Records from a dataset
####################

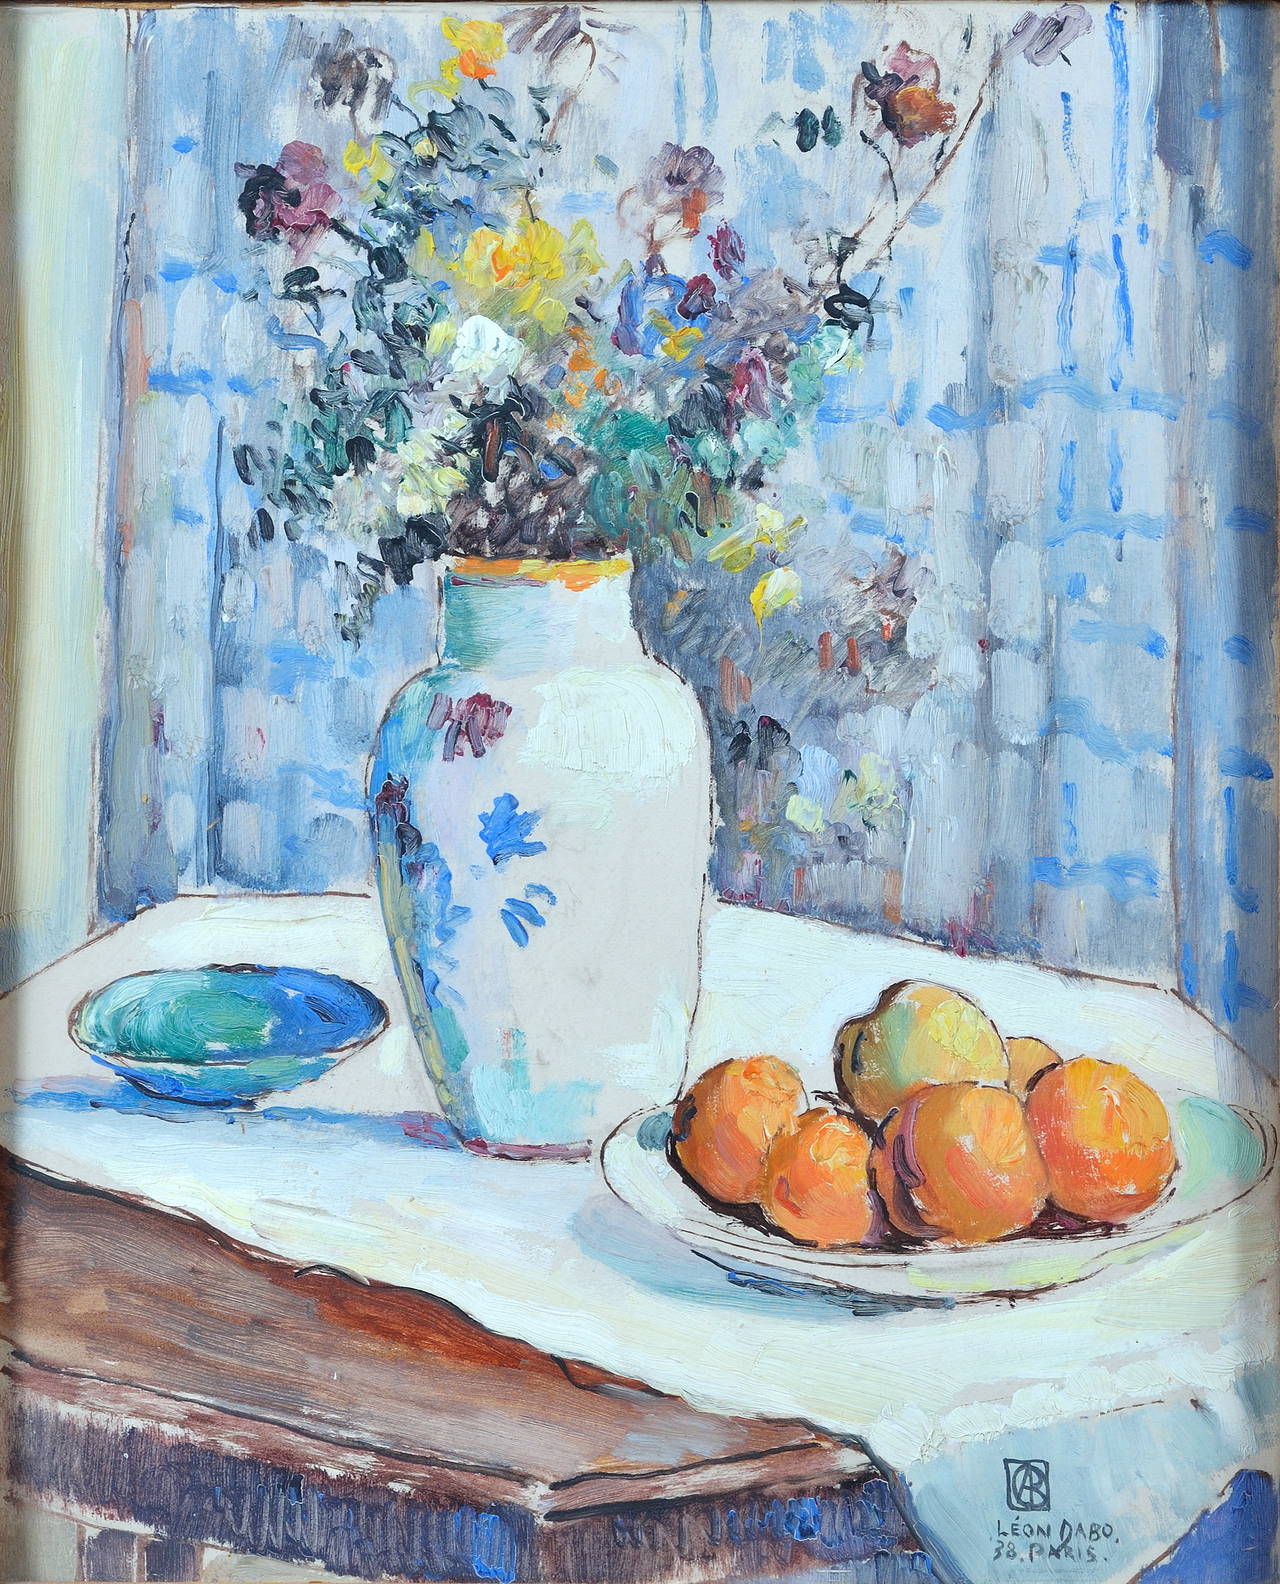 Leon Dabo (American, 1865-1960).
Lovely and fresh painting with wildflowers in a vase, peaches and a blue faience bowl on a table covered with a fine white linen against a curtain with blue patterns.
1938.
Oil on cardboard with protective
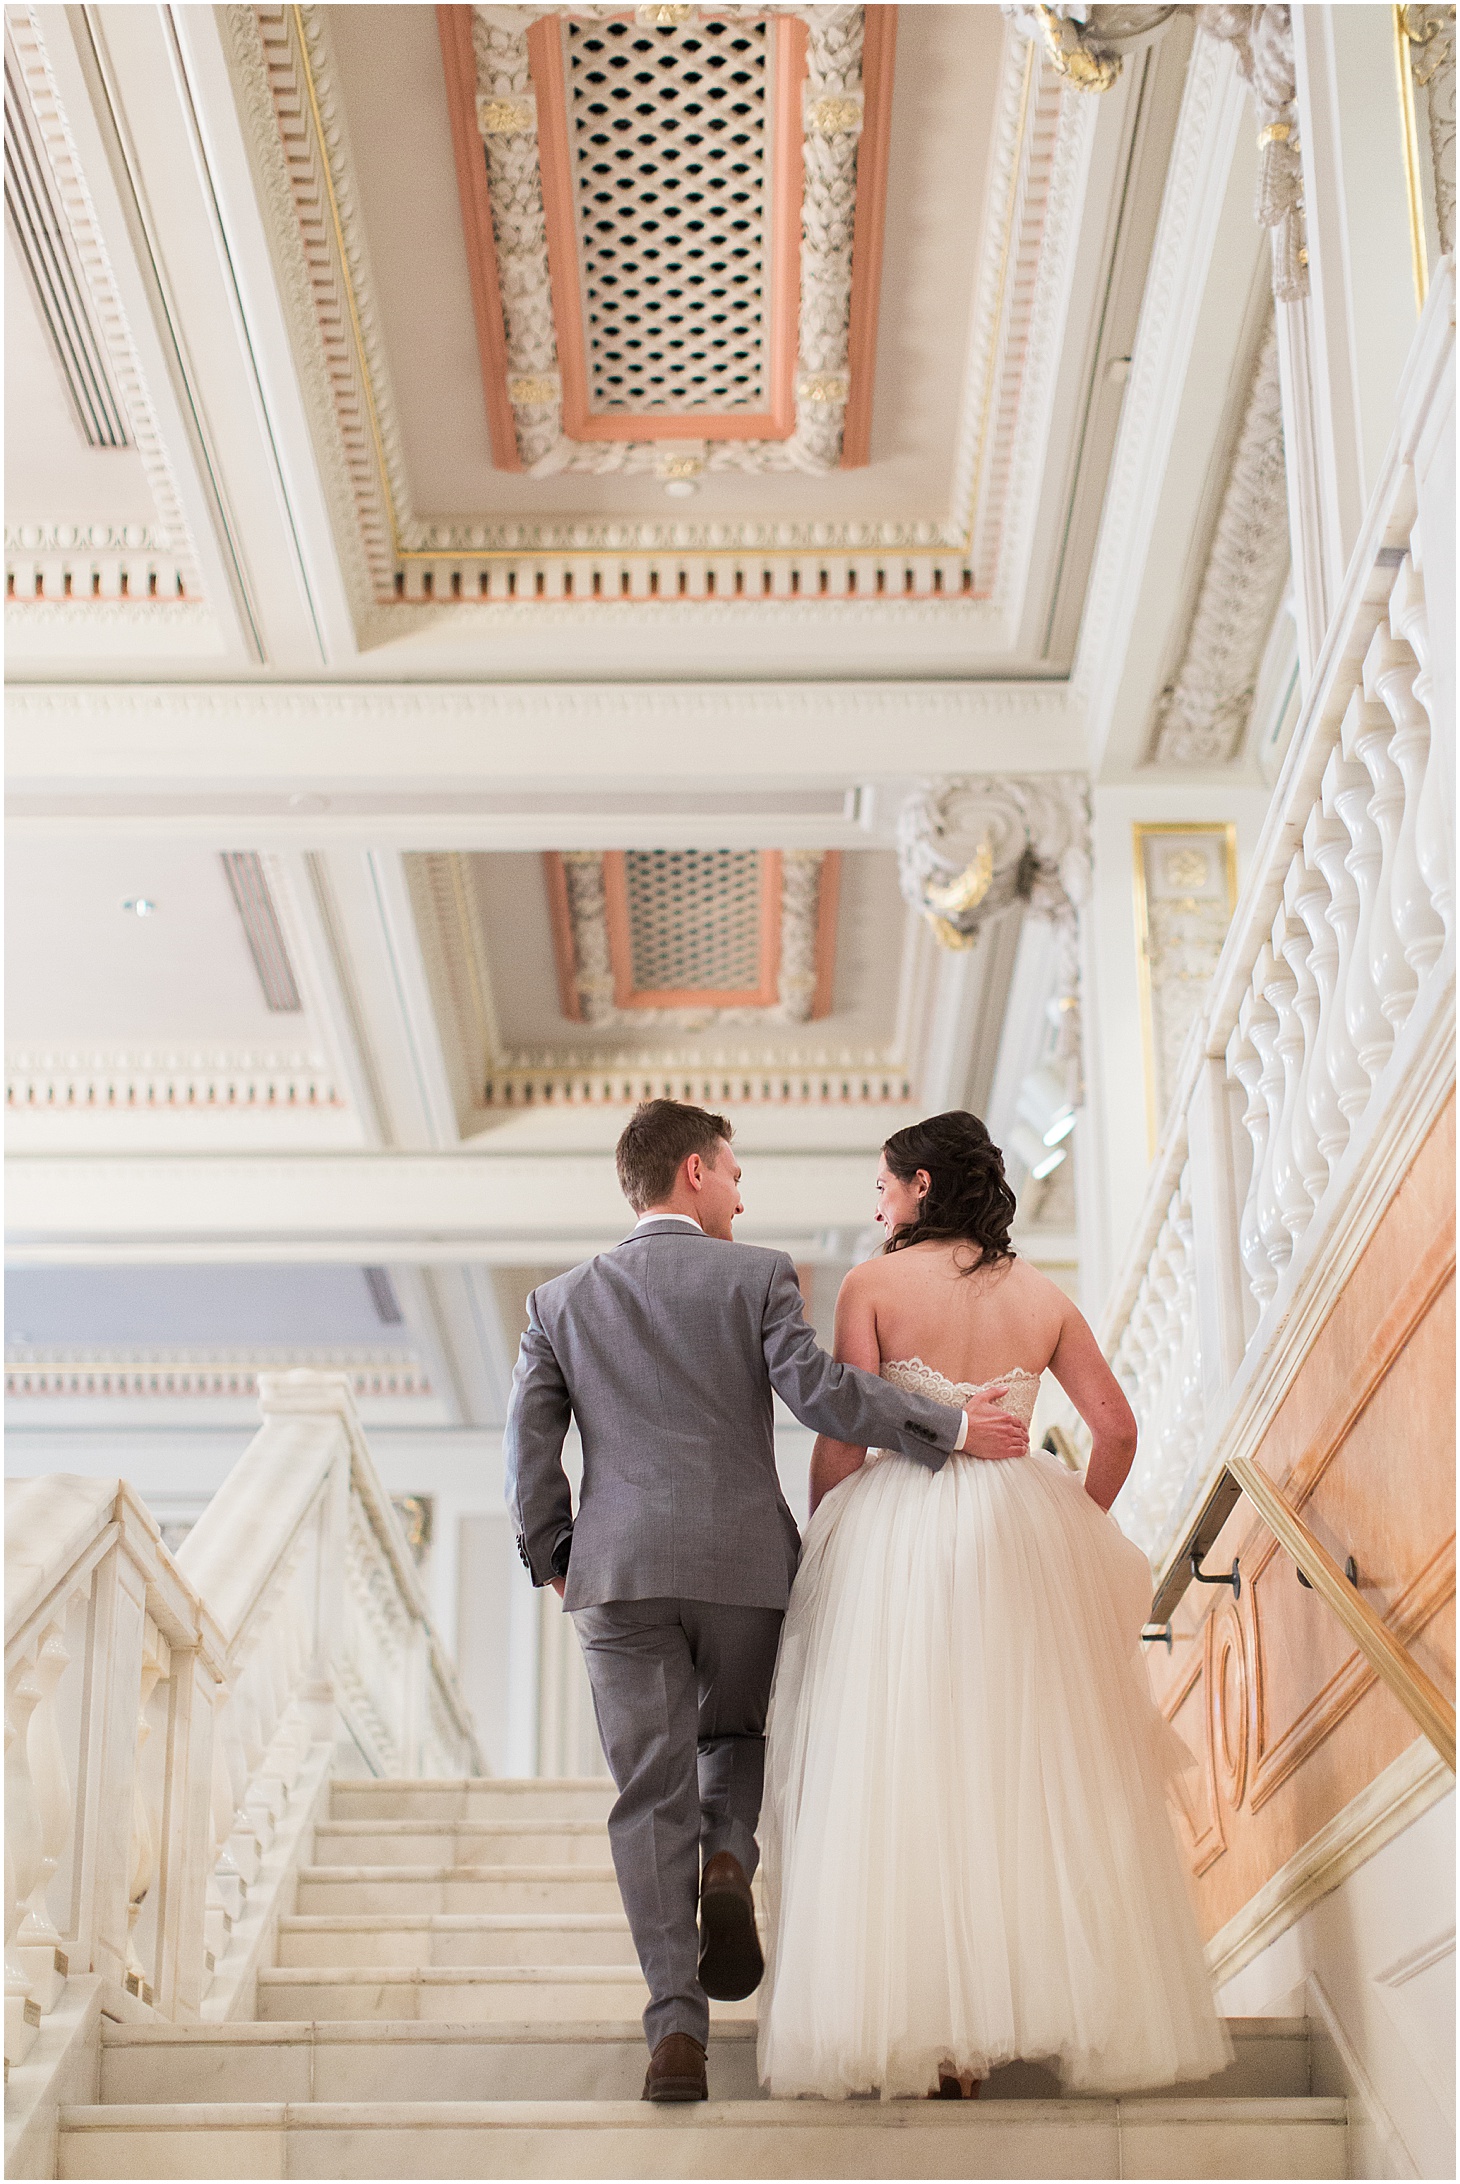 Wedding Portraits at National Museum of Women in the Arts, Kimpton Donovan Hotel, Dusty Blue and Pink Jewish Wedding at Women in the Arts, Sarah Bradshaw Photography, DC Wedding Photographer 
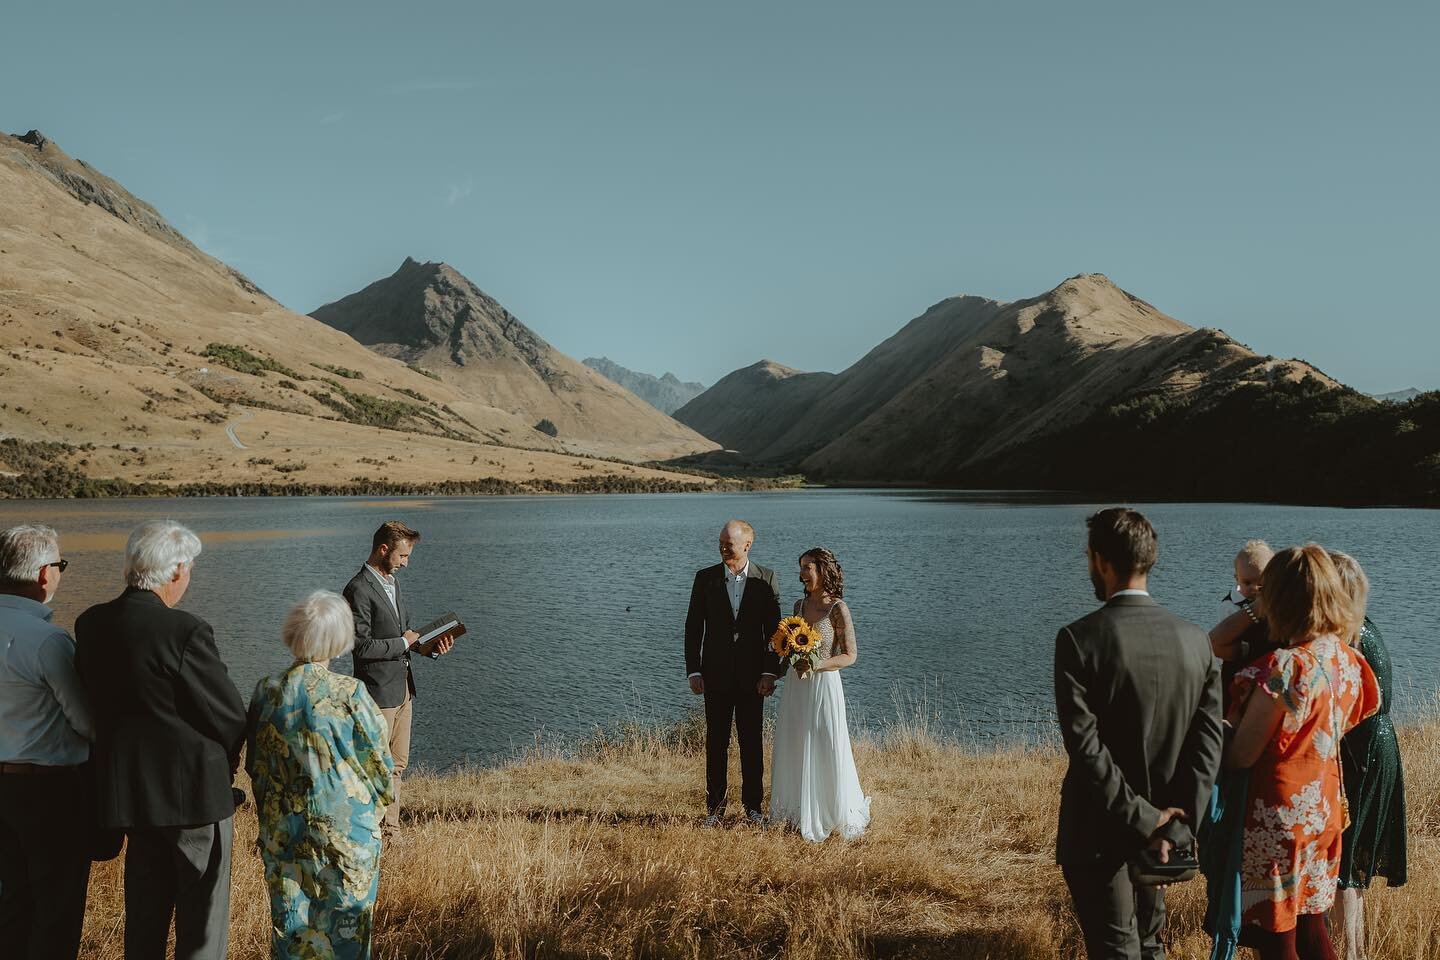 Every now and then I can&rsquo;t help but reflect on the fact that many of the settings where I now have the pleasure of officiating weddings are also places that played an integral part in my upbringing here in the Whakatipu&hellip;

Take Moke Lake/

####################

*Assignment*.
Display each line of the data where "with" occurs.

*Result*.
Lovely and fresh painting with wildflowers in a vase, peaches and a blue faience bowl on a table covered with a fine white linen against a curtain with blue patterns.
Oil on cardboard with protective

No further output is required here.